Roger Goodell, the NFL commissioner, has his own links to Washington. His father, whom I knew and deeply admired, was a Republican senator from New York who was courageous in his deep opposition to American involvement in Vietnam, infuriating the Nixon administration—not the only position he took that broke from party orthodoxy. I became disillusioned with son Roger long before the current fiasco, when he quickly blew off the Obama administration’s request to have the NFL help uninsured football fans learn about their access to health insurance under the Affordable Care Act. This was not about endorsing or supporting a political side; it was about informing people about getting insurance. No doubt many younger NFL fans play football themselves—and some otherwise healthy athletes will get concussions, fractures, spinal injuries, and more while doing so; without insurance, they could have their lives devastated. Goodell’s move was a craven one.
Now he is under siege for his stumbles and missteps over domestic violence.
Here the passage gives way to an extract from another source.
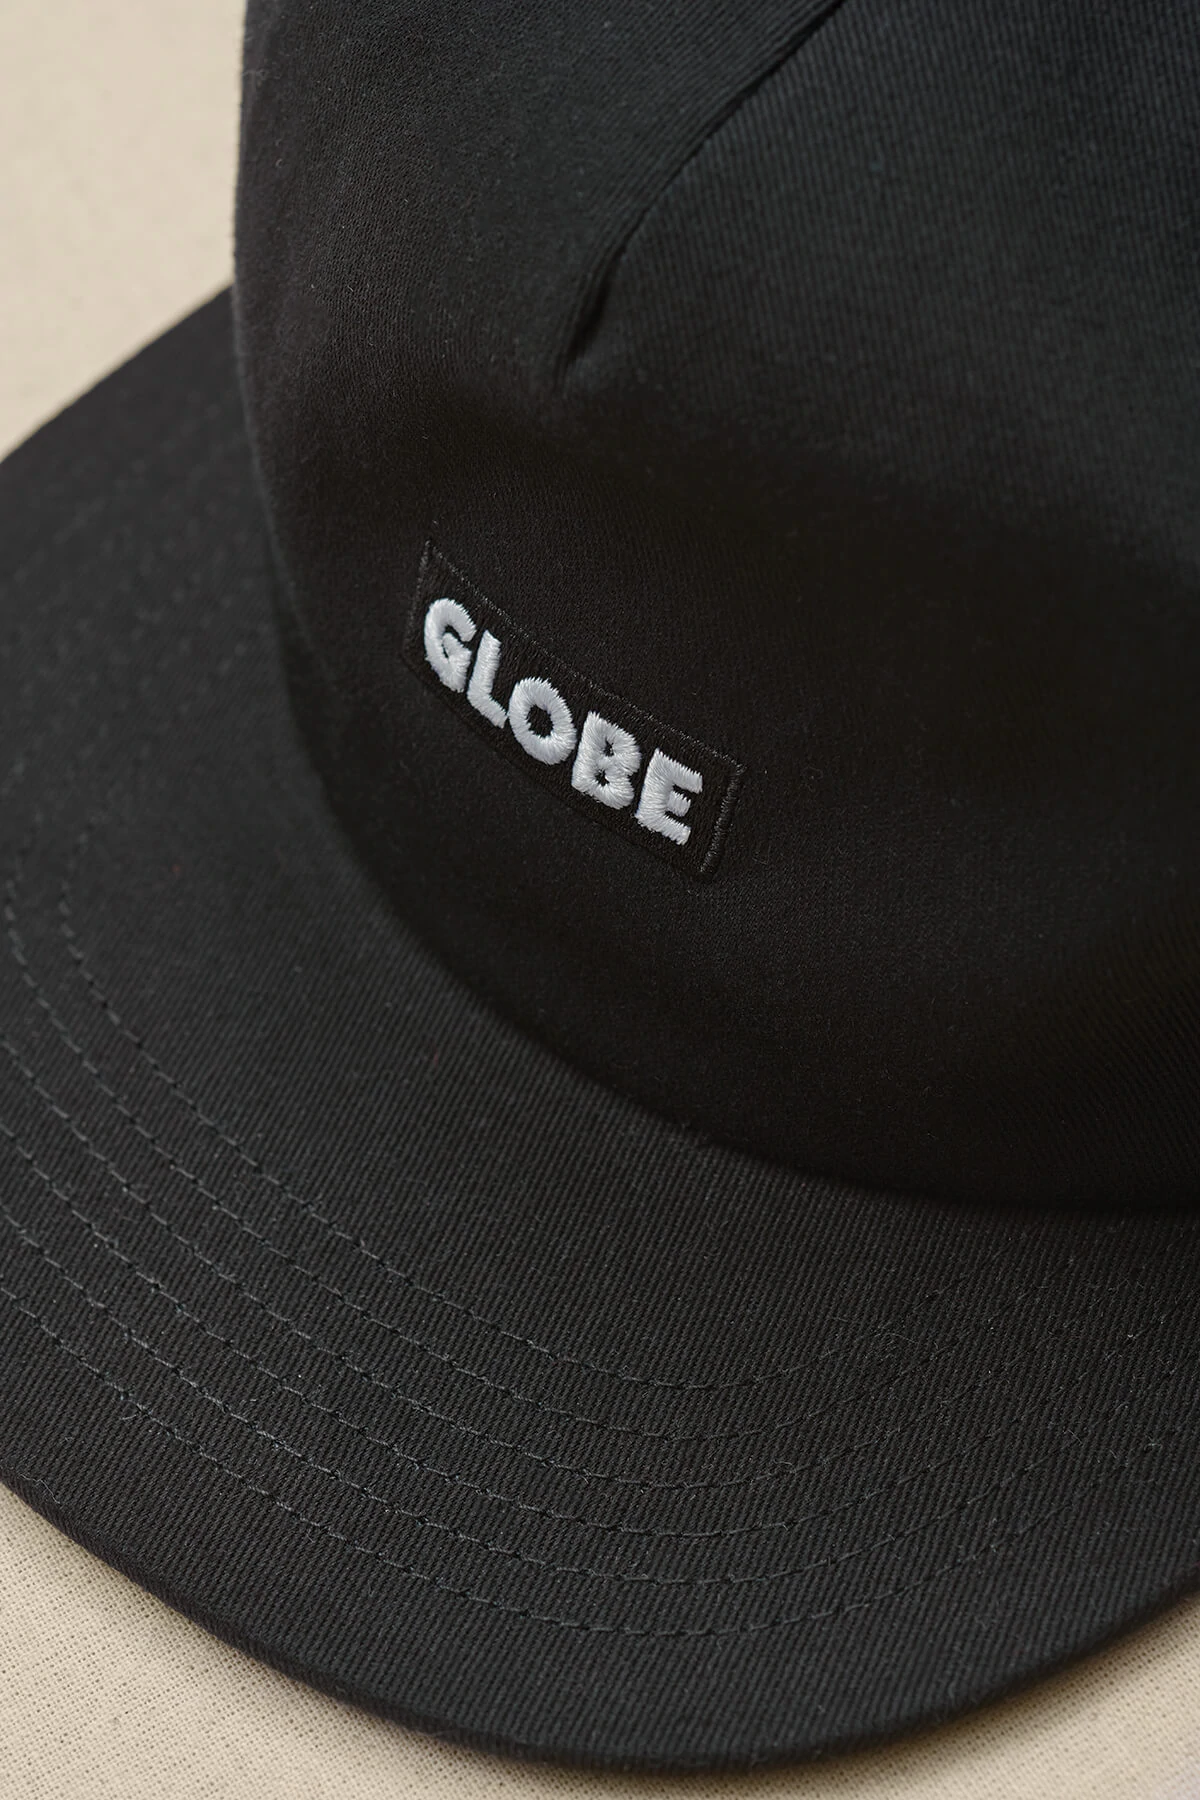 Globe LV cap washed black

He is also facing criticism for the league’s longtime indifference to the brain injuries suffered by so many players in the violent sport. But he is for the moment secure in his job; the owners are firmly behind him. And why not? His stewardship, built on that crony capitalism, makes these very wealthy people even wealthier, and they have been happy to reward him with staggering benefits.
I am a sports nut and an ardent football fan. Whether Goodell stays or goes is not really the issue here. To me, the issue is that it is past time for Congress to reexamine its unhealthy relationship to this huge set of businesses, to reconsider both the antitrust exemption and the farcical nonprofit status of the league. Football is sport, its fan base is huge, including members of Congress. But it is first and foremost a business, and it is simply wrong to ignore that reality in making public policy.